Throughout these numerous moves, Jean’s spells of “nerves” continue. Thankfully, Russo marries an incredibly patient and understanding wife, Barbara, who unfortunately comes to realize that every shift in their life must take into account the well-being and status of her mother-in-law. Jean’s condition actually worsens, her doctor ultimately prescribing her a host of medications, including Valium and Phenobarbital. To make matters worse, Jean holds back medications when she thinks she’s doing well, then compensating with multiple doses when her nerves act up. Unfortunately, it isn’t until years later, after she passes, that Russo really understands the depth to her illness. It wasn’t simply a case of nerves, but instead an undiagnosed case of obsessive-compulsive disorder.
Throughout the novel, one can’t help but get frustrated with Russo’s mother and the trials and tribulations she forces upon her son. That said, a truly profound turning point comes upon and after her death when Russo realizes he may have ignored warning signs that would have allowed her to be treated for her illness.
At the beginning of this memoir, Russo indicates:
What follows in this memoir – I don’t know what else to call it – is a story of intersections: of place and time, of private and public, of linked destinies and flawed devotion. It’s more my mother’s story than mine, but it’s mine, too, because until just a few years ago she was seldom absent from my life.
These two lines perfectly capture the true essence of this memoir. After his mother’s death, Russo still couldn’t comprehend what an impact he had on his mother’s life. Even as an adult he feels he was the root of her pain:
From the time I was a boy I understood that my mother’s health, her well-being, was in my hands. How often over the years did she credit me, or my proximity, with restoring her to health? My rock, as she was so fond of saying, always there when she needed me most. My own experience, however, had yielded a different truth — that I could easily make things worse, but never better.
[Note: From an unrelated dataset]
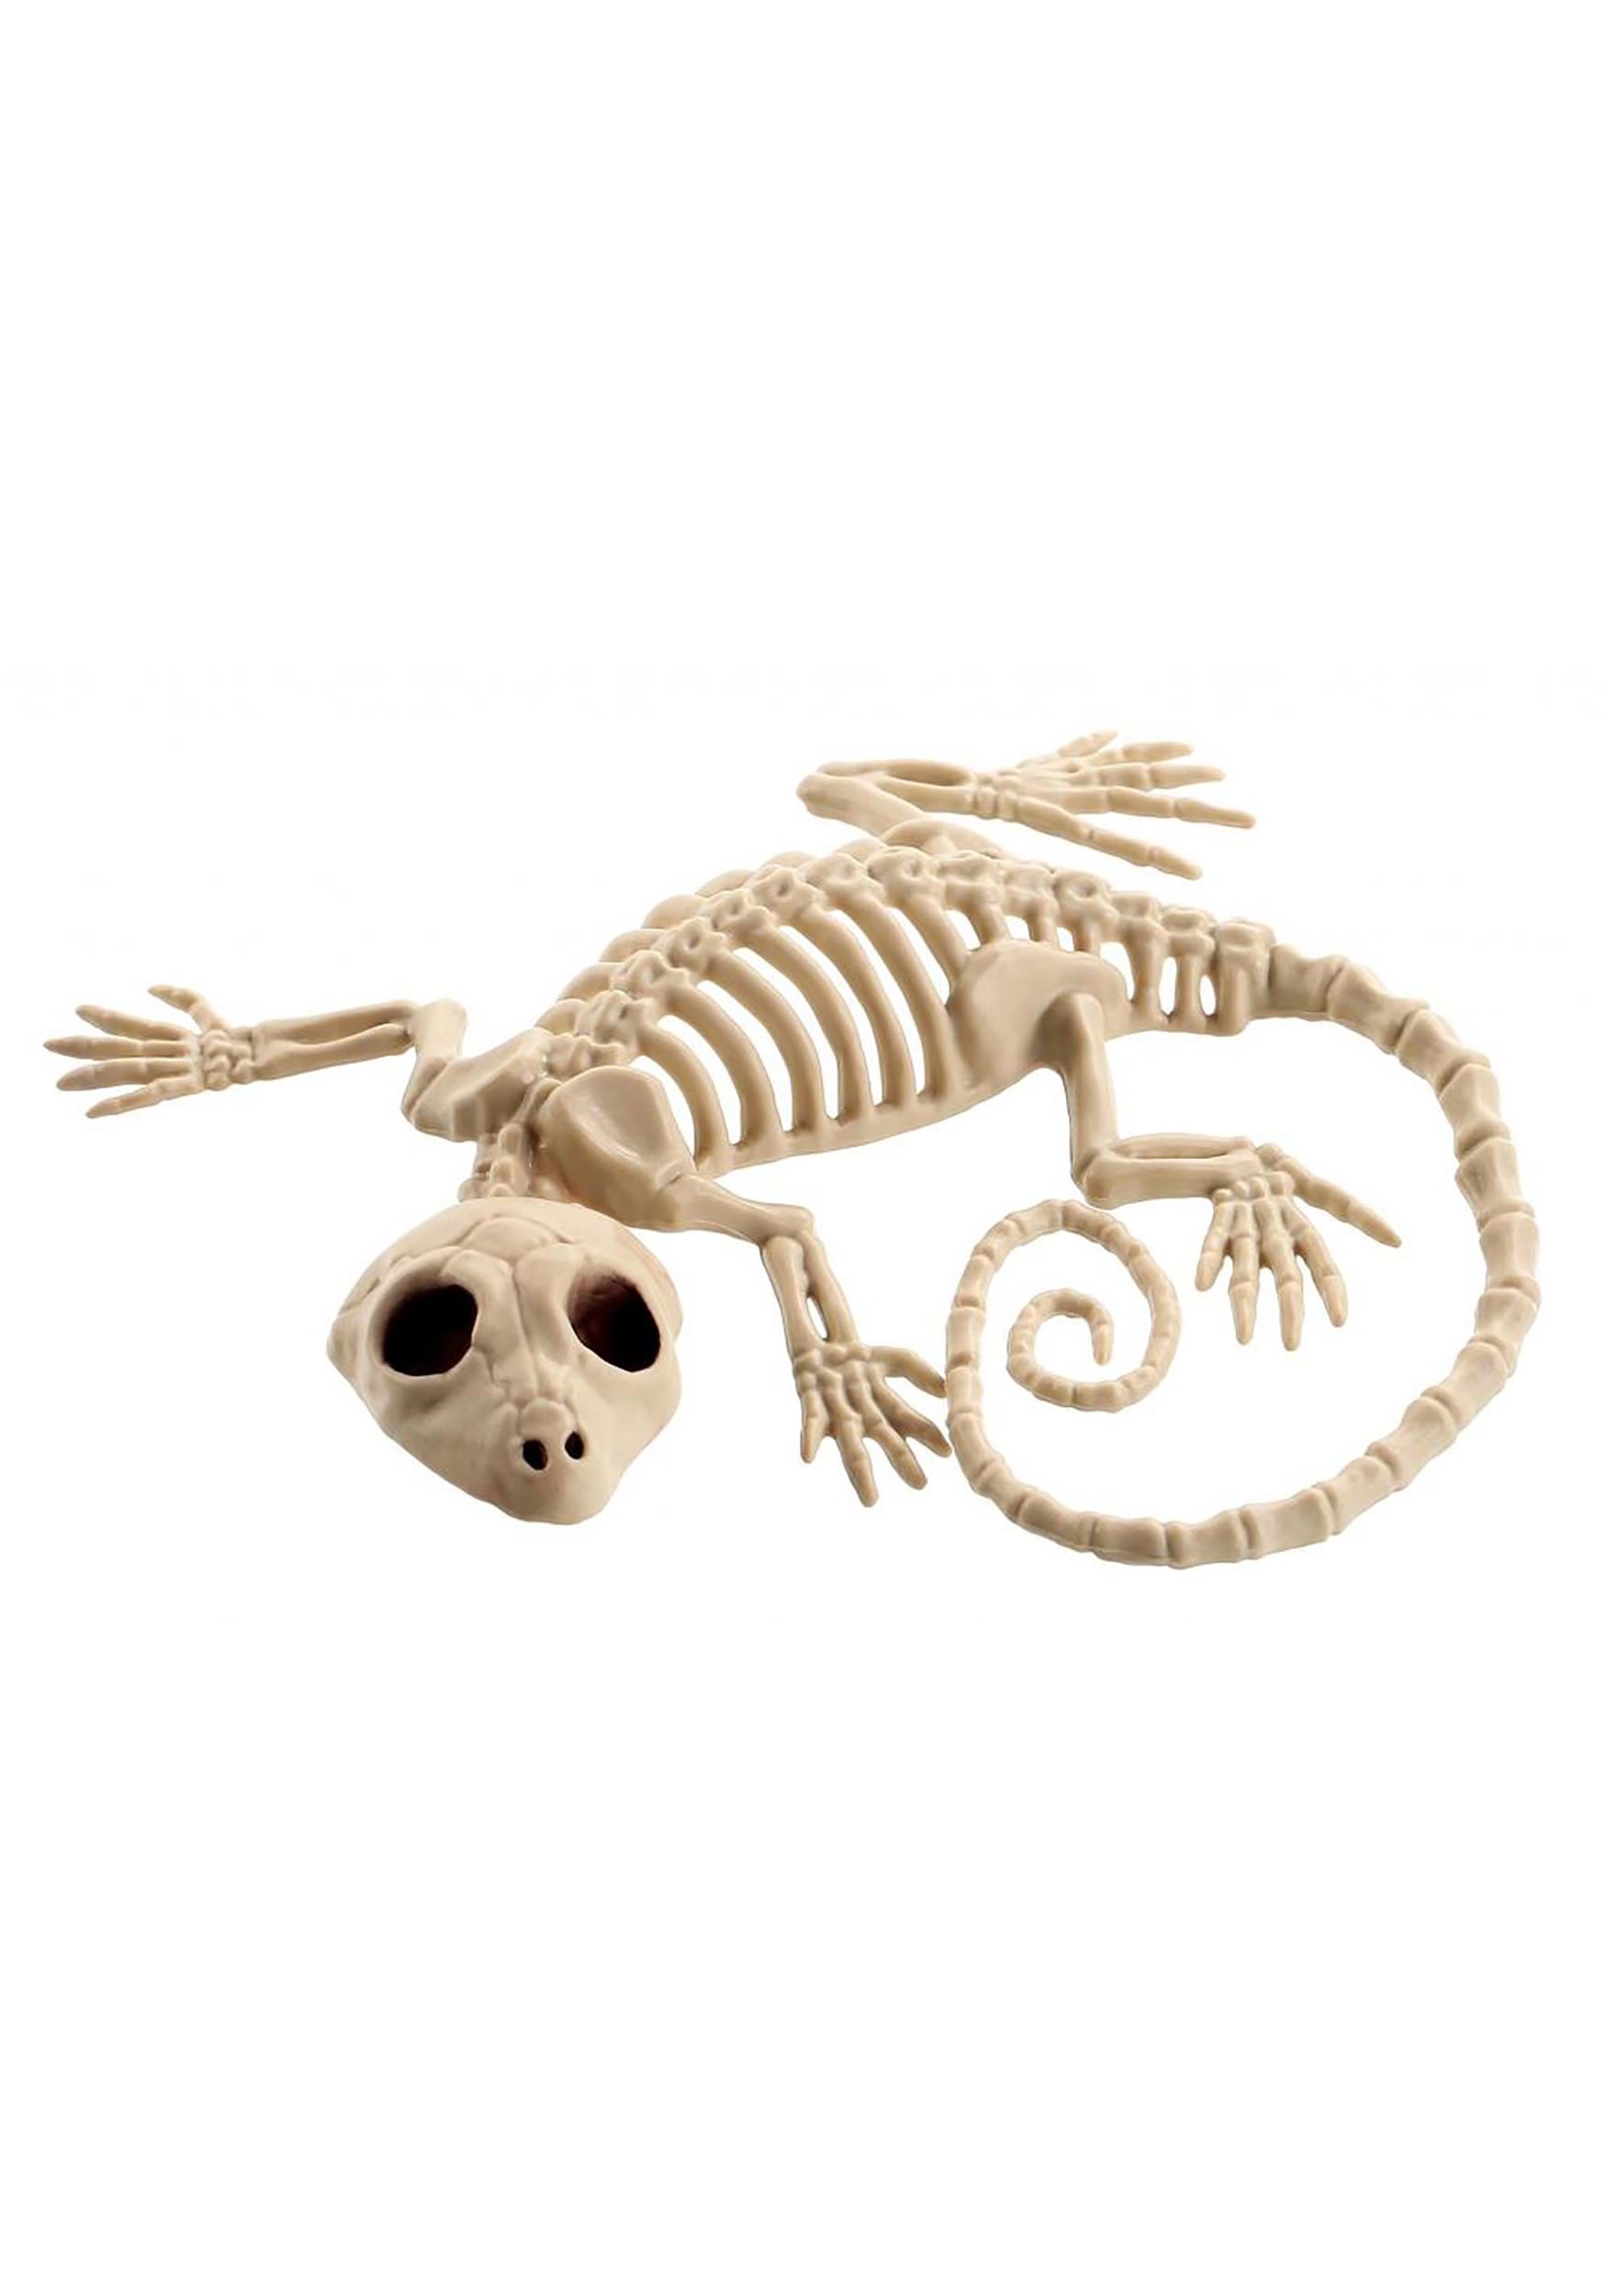 7 Gecko Skeleton Halloween Prop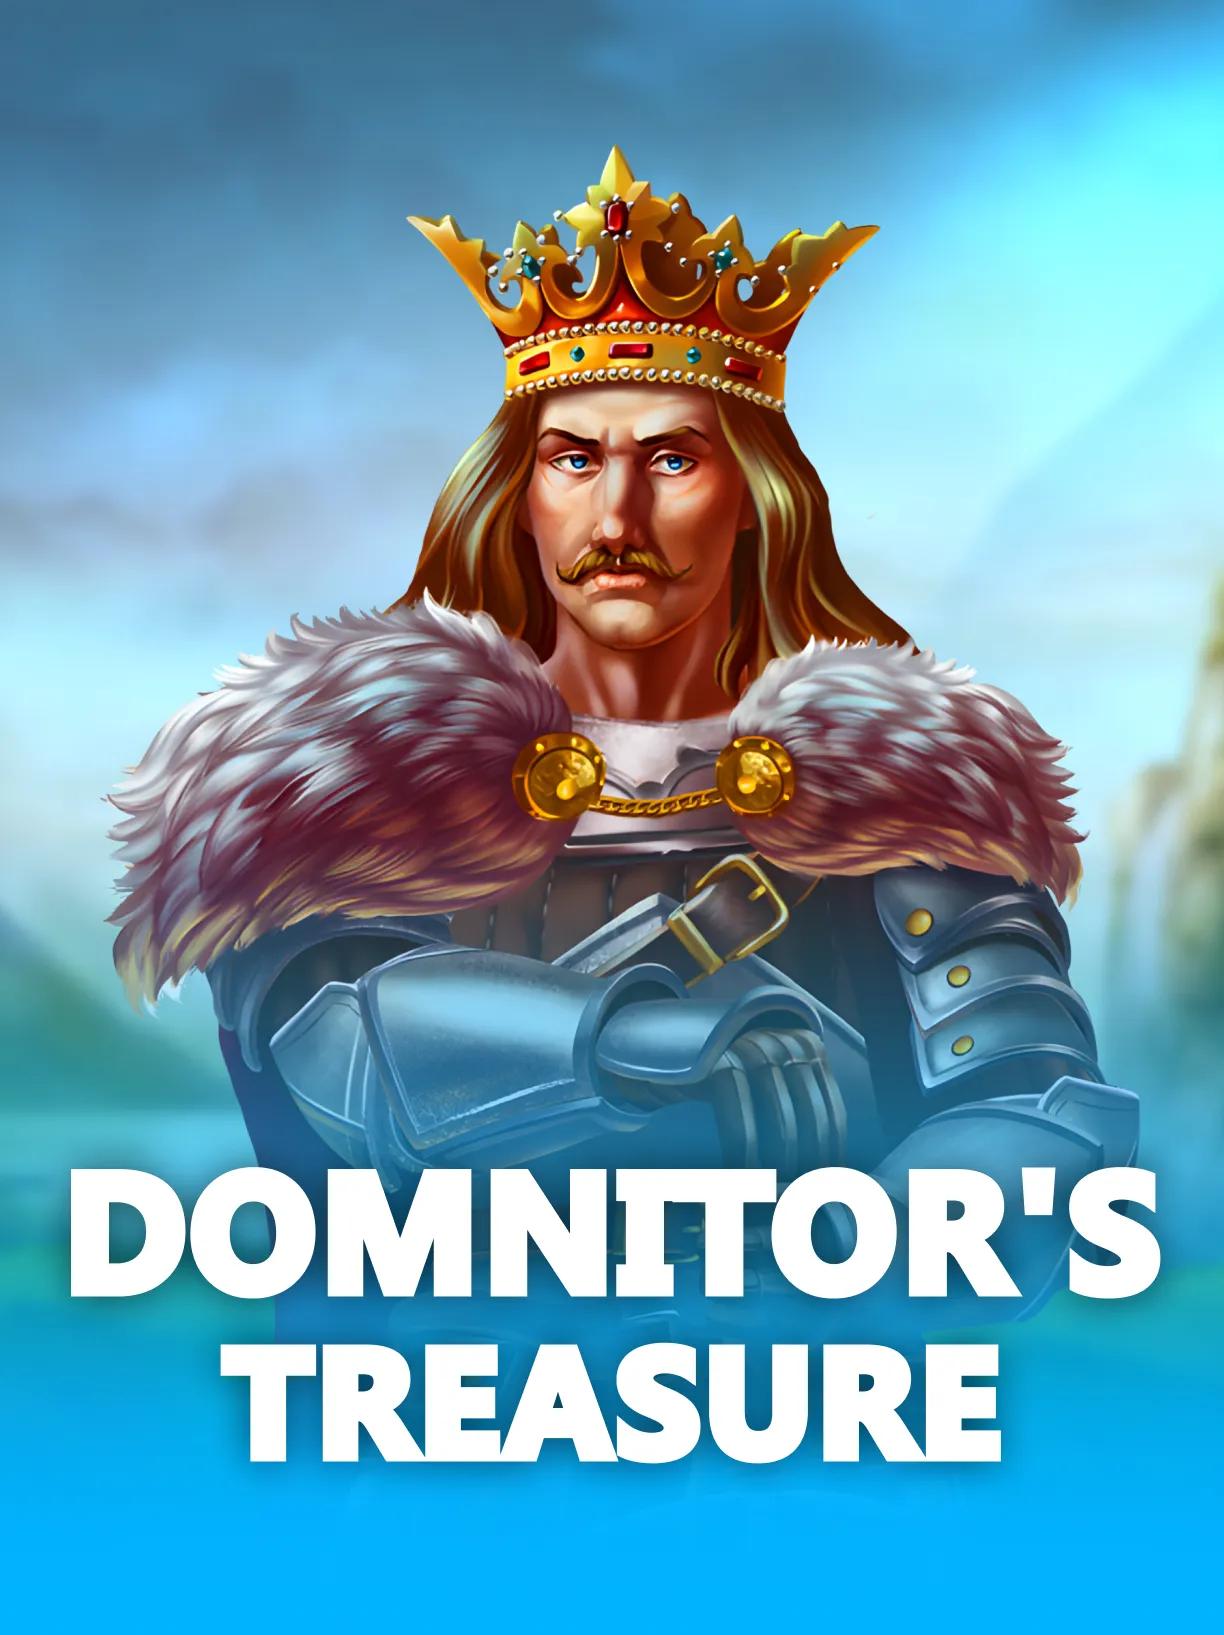 Domnitors Treasure

The moment in which Russo finally realizes how truly integral and valuable to his mother’s life is truly heart-wrenching and beautiful.This side of Russo: completely honest, almost painfully so, gives a whole new depth to my view of him as a writer. Russo doesn’t hold back in admitting how much his mother influenced his future and success as a writer:
Reading was not a duty but a reward….From her I intuited a vital truth: most people are trapped in a solitary existence, a life circumscribed by want and failures of imagination, limitations from which readers are exempt. You can’t make a writer without first making a reader, and that’s what my mother made me.
I’ve been a fan of Russo’s writing for years. Listening to him narrate his own memoir allowed me to see a completely new, almost naive, side to this truly talented writer. His narration is truly amazing, while it’s a given that an author should narrate his/her memoir that is not always the case. That said, I don’t believe this book would have had such a strong impact on me had it been read anyone other than Russo. Listening to this memoir has inspired me to go back an reread his fiction, perhaps viewing his fiction from new eyes, seeing the author in a completely new light. Undoubtedly, this will be one of my favorite memoirs of the year. Highly, highly recommended.